VERSION = (2, 2, 3, 'final', 0)

__version__ = get_version(VERSION)


def setup(set_prefix=True):
    """
    Configure the settings (this happens as a side effect of accessing the
    first setting), configure logging and populate the app registry.
    Set the thread-local urlresolvers script prefix if `set_prefix` is True.
    """
    from django.apps import apps
    from django.conf import settings
    from django.urls import set_script_prefix
    from django.utils.log import configure_logging

    configure_logging(settings.LOGGING_CONFIG, settings.LOGGING)
    if set_prefix:
        set_script_prefix(
            '/' if settings.FORCE_SCRIPT_NAME is None else settings.FORCE_SCRIPT_NAME
        )
    apps.populate(settings.INSTALLED_APPS)

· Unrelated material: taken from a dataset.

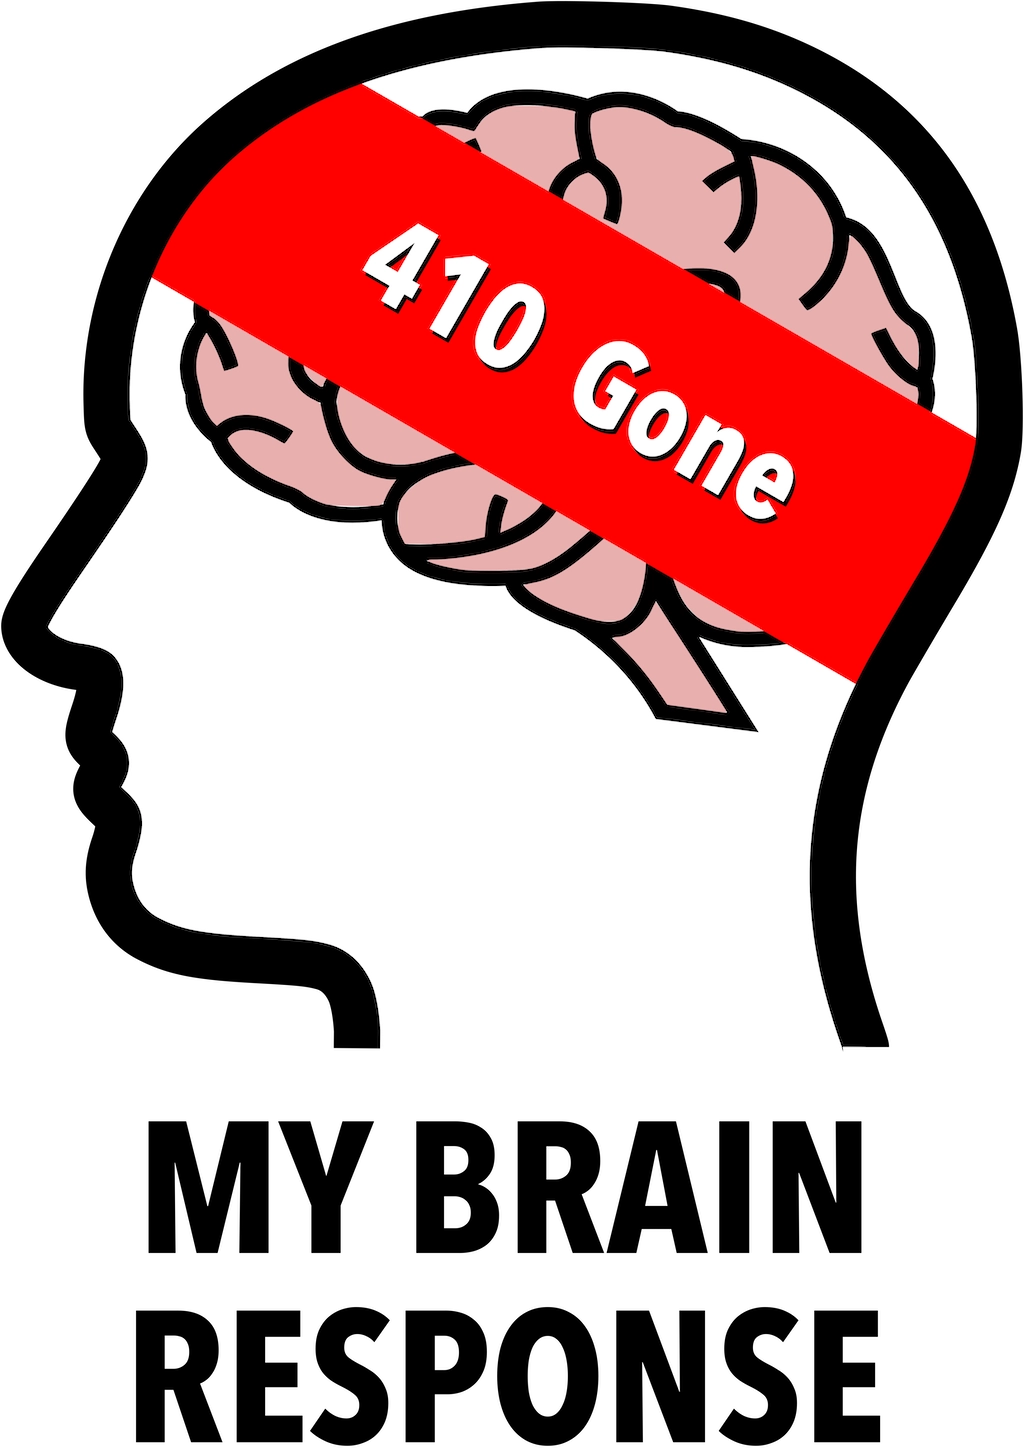 My Brain Response: 410 Gone

This is the output of the file generated when I create a project with Python 3.8.0 b1 and Django 2.2.3

from django.utils.version import get_version

VERSION = (2, 2, 3, 'final', 0)

__version__ = get_version(VERSION)


def setup(set_prefix=True):
    """
    Configure the settings (this happens as a side effect of accessing the
    first setting), configure logging and populate the app registry.
    Set the thread-local urlresolvers script prefix if `set_prefix` is True.
    """
    from django.apps import apps
    from django.conf import settings
    from django.urls import set_script_prefix
    from django.utils.log import configure_logging

    configure_logging(settings.LOGGING_CONFIG, settings.LOGGING)
    if set_prefix:
        set_script_prefix(
            '/' if settings.FORCE_SCRIPT_NAME is None else settings.FORCE_SCRIPT_NAME
        )
    apps.populate(settings.INSTALLED_APPS)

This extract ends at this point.